Furthermore, there is evidence for maturation of these reversal cells into bone-forming osteoblasts during the progress of the reversal phase, based on the inverse gradients of osterix, a later maturation marker,(36) and of smooth muscle actin (SMA), a motility marker reported to decrease in maturing osteoblasts.(37)
Another important characteristic of the reversal surfaces in the context of osteoblast recruitment is that they show a higher cell density than bone-lining cells on quiescent surfaces.(22).Furthermore, this enrichment was recently stressed to be obligatory for initiation of bone formation, that is, for coupling,because bone formation is detected only above a certain level of cell density,(23) and because remodeling cycles abort in pathological situations where this enrichment does not occur(11)(see ‘Functional evidence for a role of reversal surface events in coupling: lessons from reversal phase ‘arrest’).
These recent quantitative histomorphometric studies thus demonstrate the earlier proposal that initiation of bone formation requires a sufficient number of new osteoblasts in the resorption cavity.(38)
An important issue is where the newly generated cells come from. Cell proliferation on the bone surface is rarely detected,(38) including in human cancellous bone.(22) One could consider osteocytes released by the resorbing osteoclasts(39) to contribute to this colonization, as osteocytes were recently shown to be able to revert into mature osteoblasts,(40) but this contribution remains to be proven during the bone-remodeling process.

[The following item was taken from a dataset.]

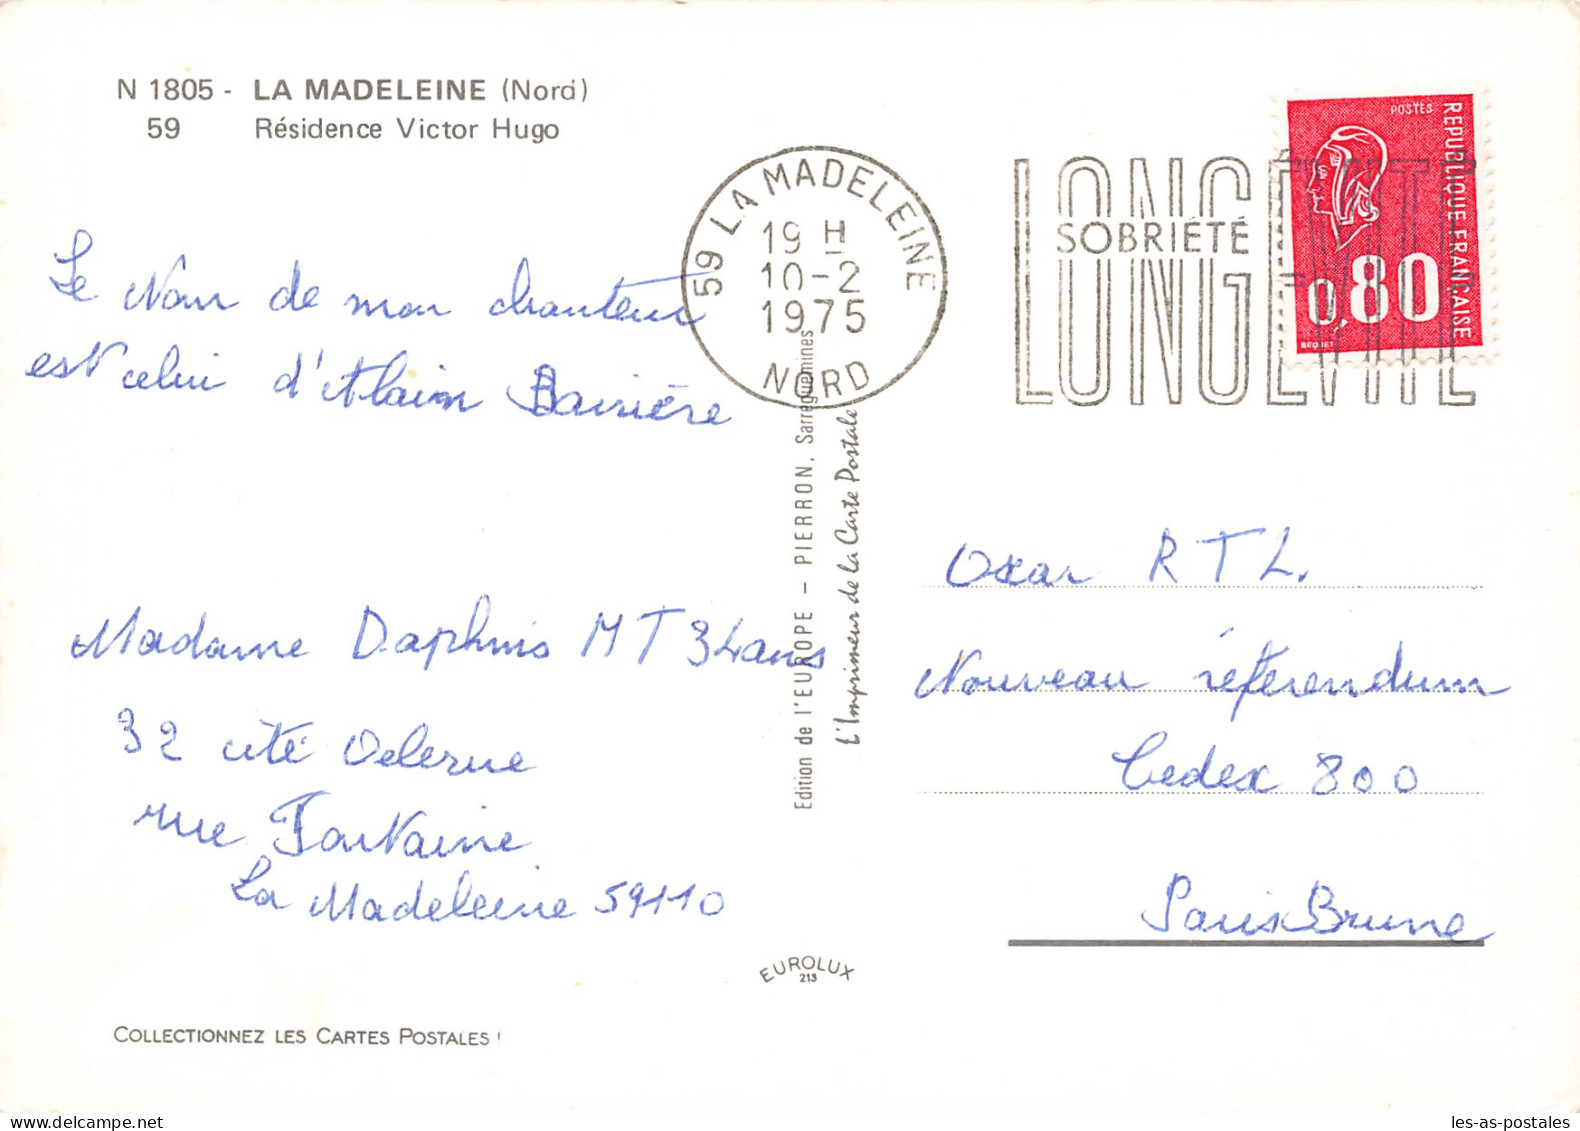 59 LA MADELEINE RESIDENCE VICTOR HUGO - La Madeleine

Thus, the contribution of reversal surface activities to osteoblastogenesis appears to be more through differentiation, and the gain in cell number on the bone surface requires recruitment from other sources.
The role of reversal cells
Reversal cells smoothing out the reversal surfaces: a role of‘reversal matrix’ in coupling?
Reversal cells also modify the surface of the eroded matrix left behind the osteoclast. Notably,this modification provides them progressively with a new matrix environment, which may be critical for the osteoblast maturation described in ‘Bone-lining cells, reversal cells and osteoblast recruitment’,(41) as well as for the physical connection between the new and old matrix.
This modification can be seen as a smoothening process, requiring both catabolic and anabolic activities.(12) Cleaning of resorption debris has been emphasized in several models, and was especially investigated in situations where excessive amounts of organic material were allowed to accumulate in the osteoclastic resorption zone.(17,34,42) Interestingly, this cleaning activity corresponds with the observation that early reversal cells next to osteoclasts express collagenolytic matrix metalloproteinases (MMPs) that diffuse into the resorption area, as shown in rabbit(43) and rat(44) bone. In line with this, early maturation stages of osteoblasts were reported to correspond with high MMP expression. Reversal cells contribute also to the generation of cement lines.(17). These are defined as basophilic material deposited on the eroded surface. Surprisingly, their composition is poorly known. They are reported to be rich in mucopolysaccharide and osteopontin. They may also contain bone sialoprotein and osteoclast products, such as TRAcP, which are factors able to affect osteoblast-lineage cells and bone formation.(42) Functional evidence for a role of reversal surface events in coupling: lessons from reversal phase ‘arrest’.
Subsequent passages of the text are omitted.